» **Exercise aim**
Everything from the line with "تی شرت دخترانه" to the last line of the listing must be retyped exactly, both ends included, with the pictures dropped.
───── Data extract
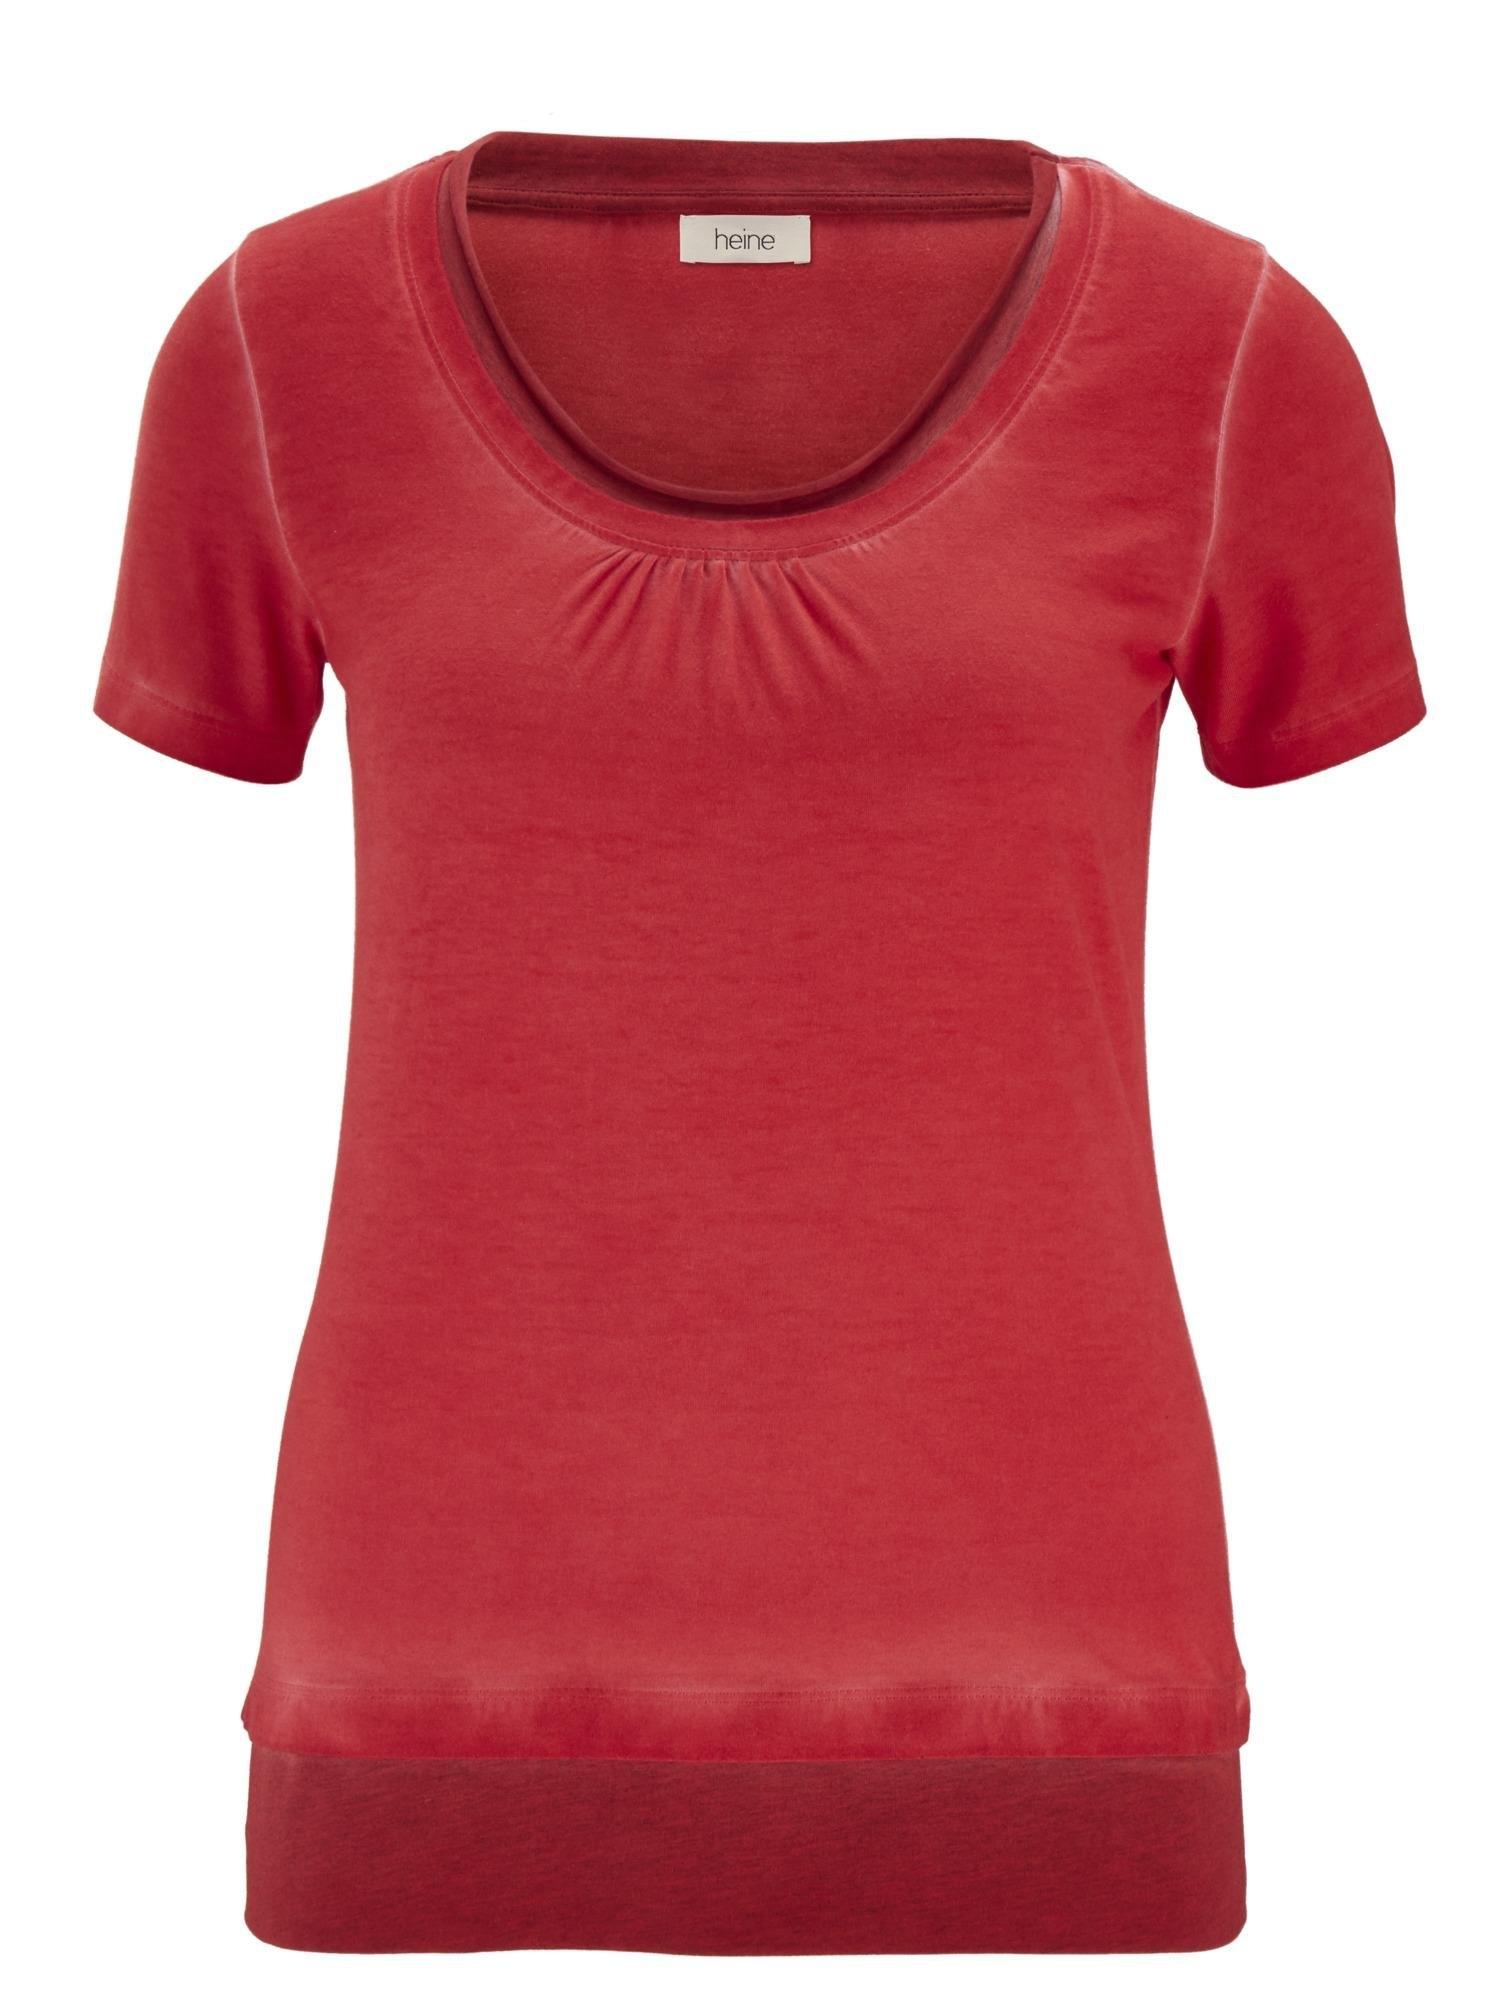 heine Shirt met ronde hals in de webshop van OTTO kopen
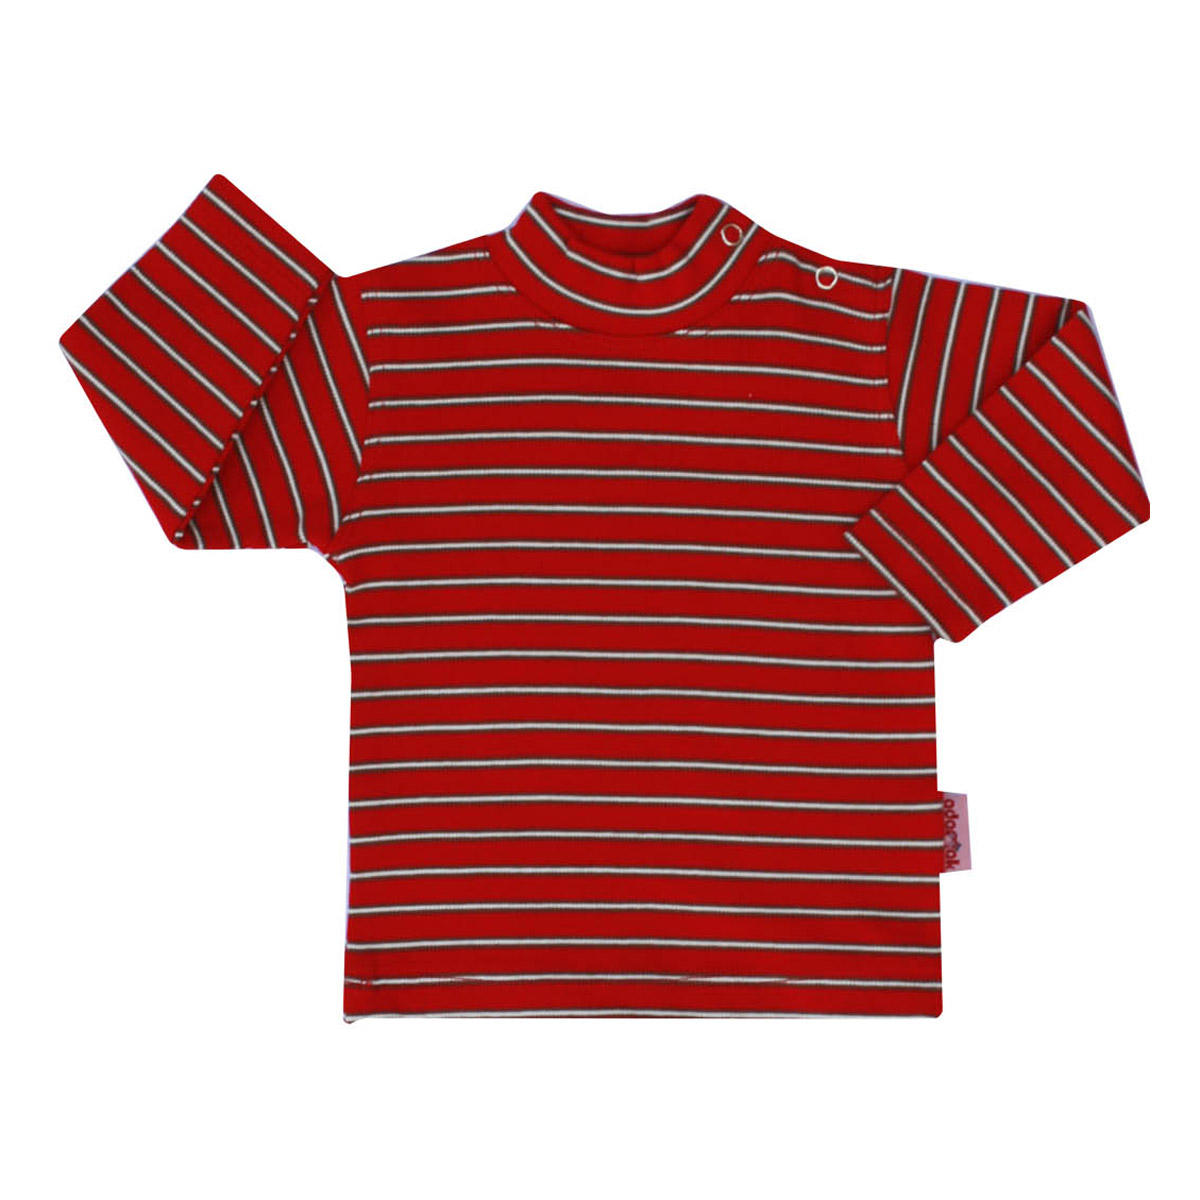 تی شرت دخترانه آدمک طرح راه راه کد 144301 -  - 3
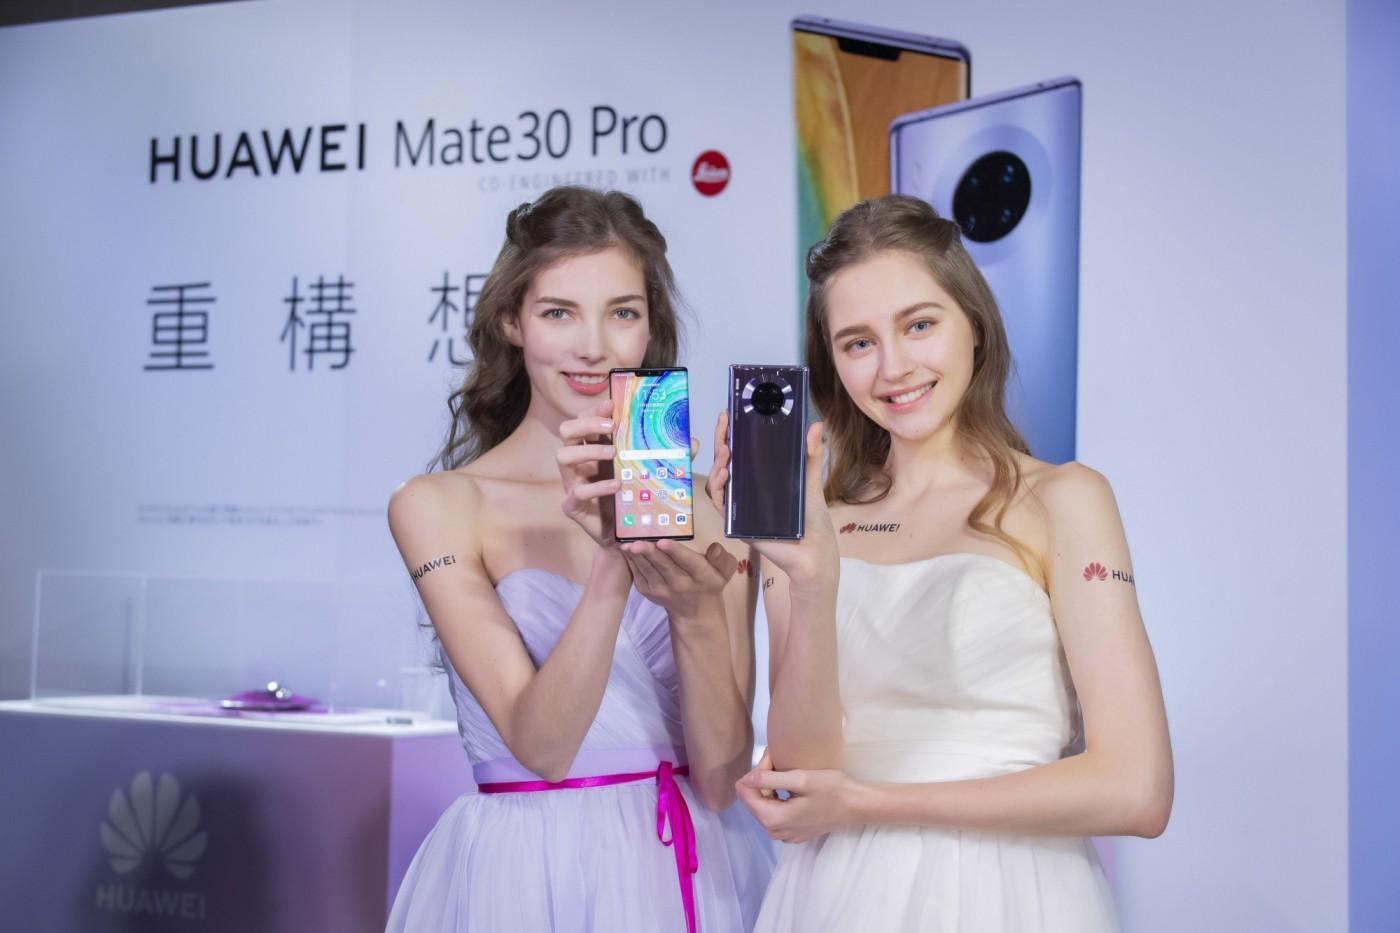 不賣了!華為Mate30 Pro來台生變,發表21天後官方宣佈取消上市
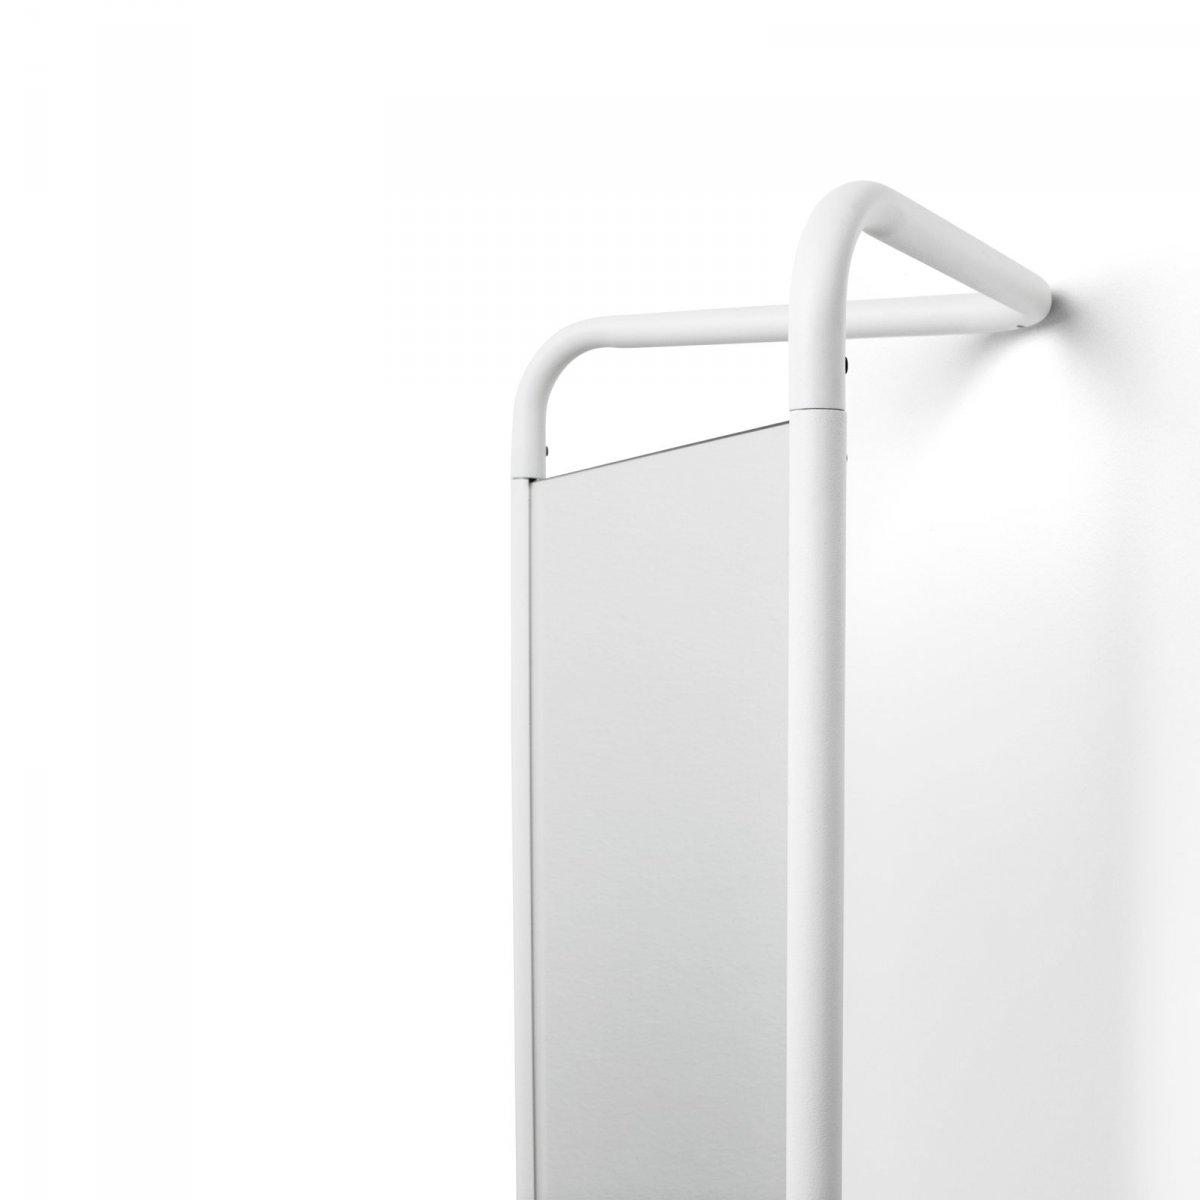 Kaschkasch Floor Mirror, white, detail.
──────────
» **Solved exercise**
 تی شرت دخترانه آدمک طرح راه راه کد 144301 -  - 3
 不賣了!華為Mate30 Pro來台生變,發表21天後官方宣佈取消上市
 Kaschkasch Floor Mirror, white, detail.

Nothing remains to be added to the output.